:: EXERCISE AIM ::
Below are the records; give again exactly the lines from the one containing "Information Sharing Guidance" through the one containing "Butt Naked Whipped Soap", leaving out pictures.

:: SOURCE DATA ::
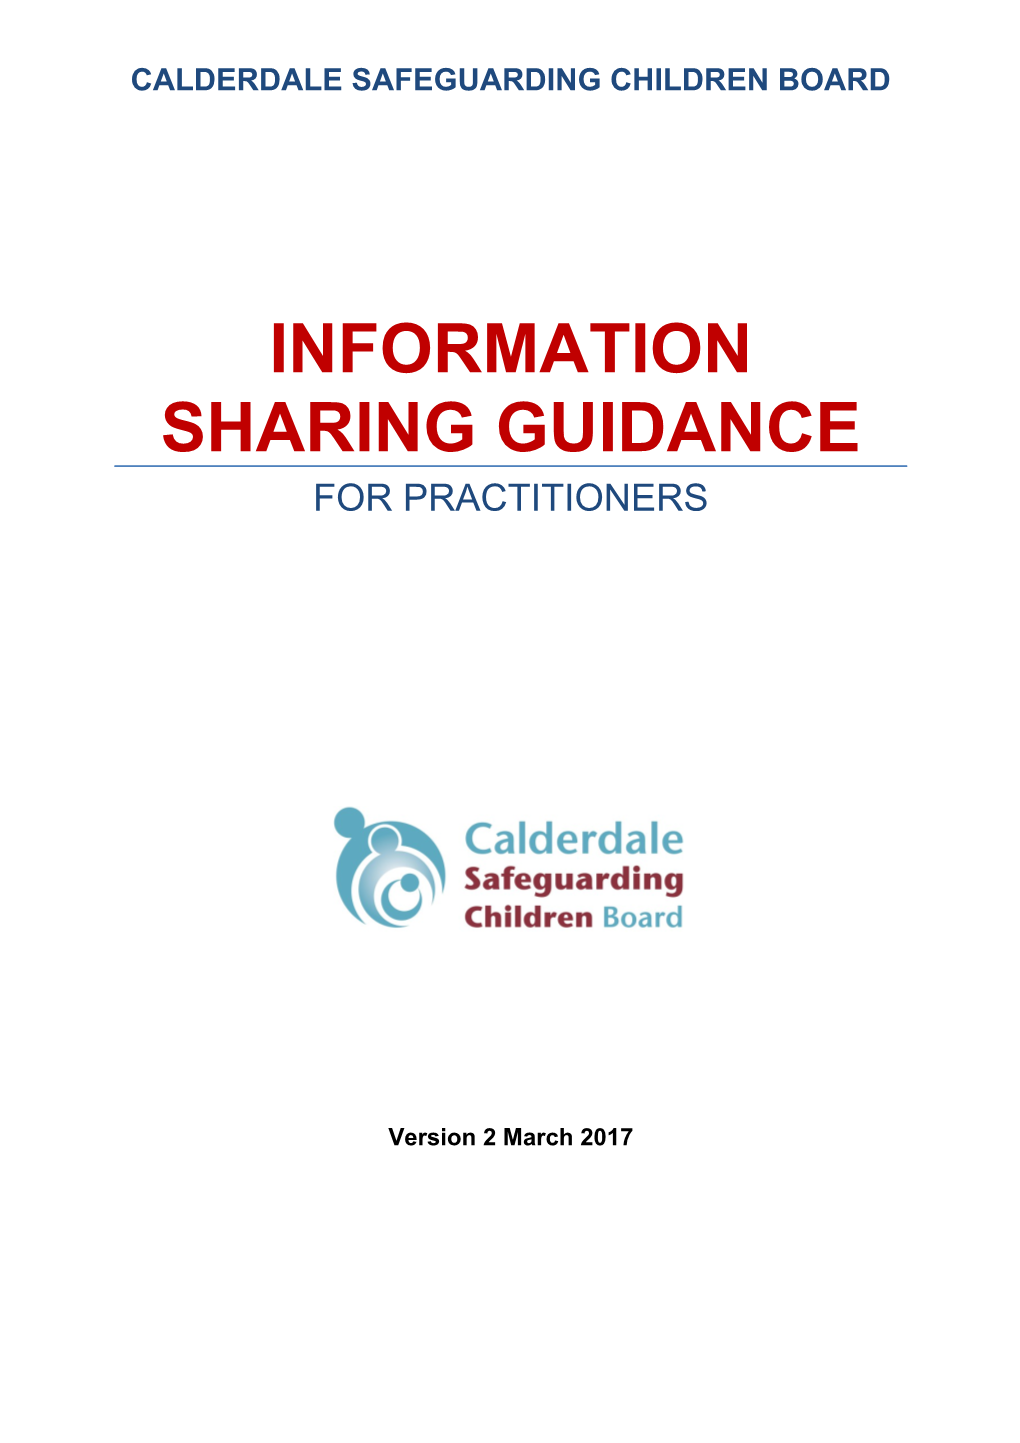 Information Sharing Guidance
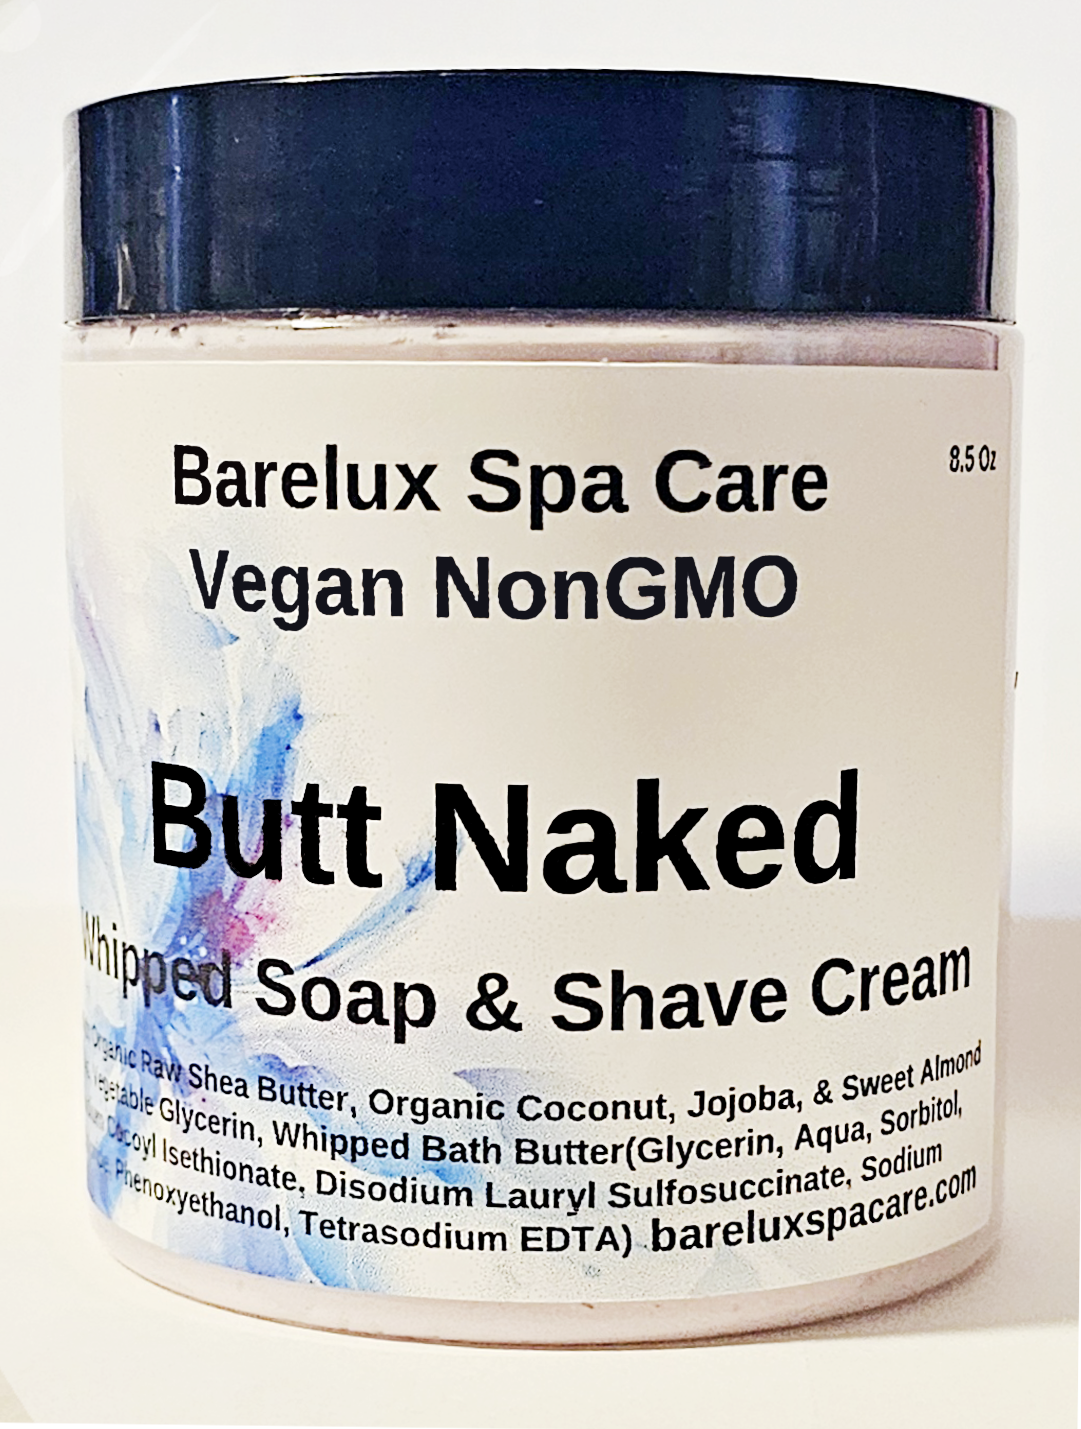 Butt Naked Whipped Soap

---

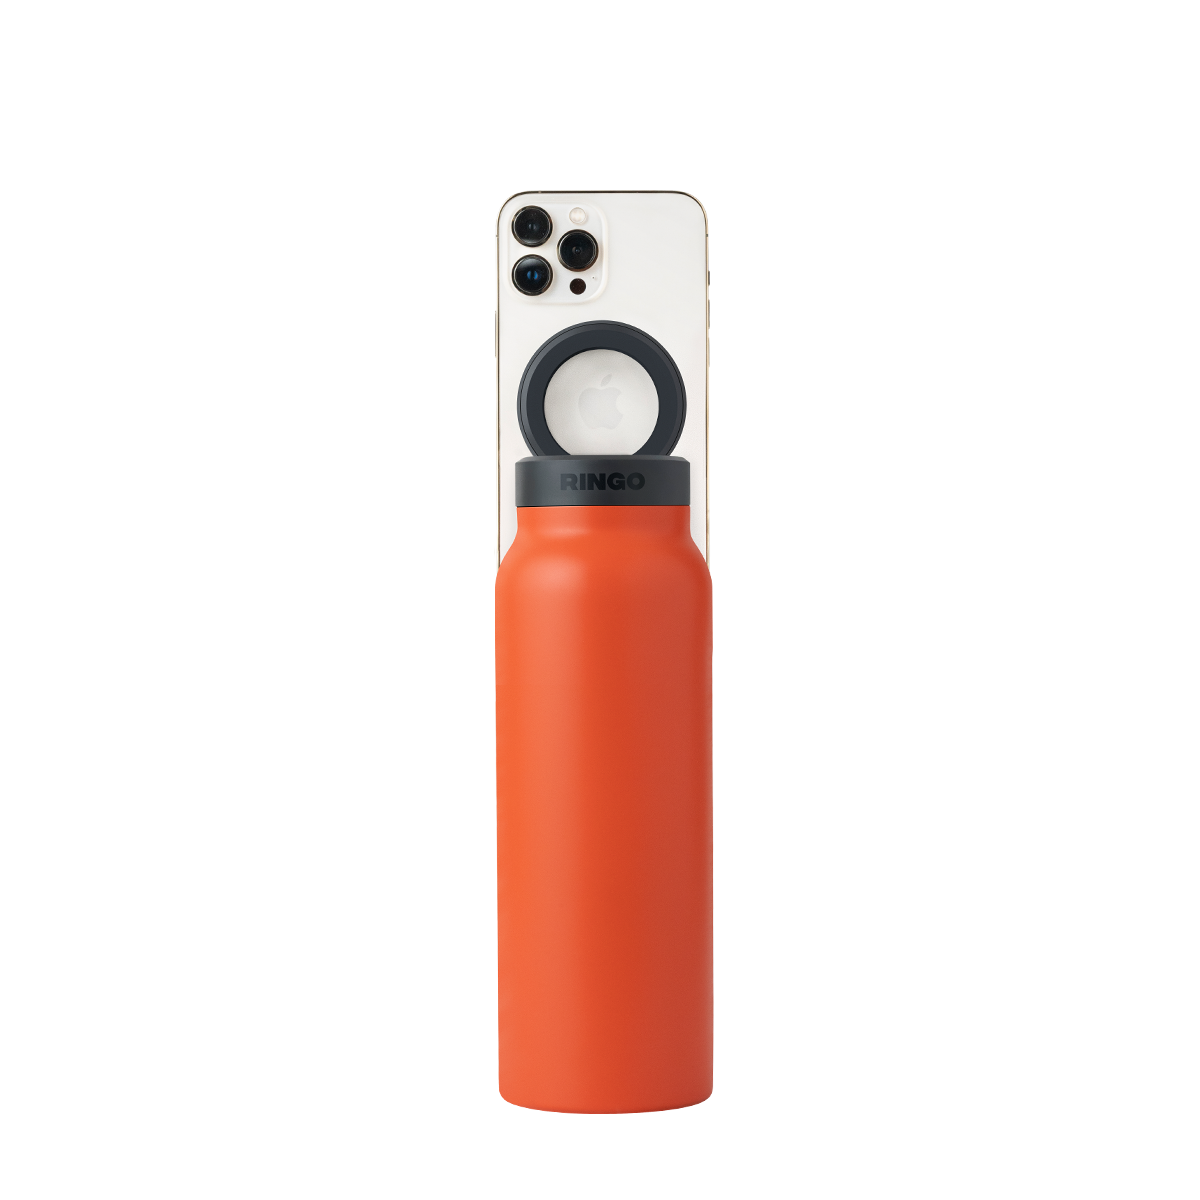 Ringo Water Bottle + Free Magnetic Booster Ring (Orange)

:: RESPONSE FOR THIS EXERCISE ::
 Information Sharing Guidance
 Butt Naked Whipped Soap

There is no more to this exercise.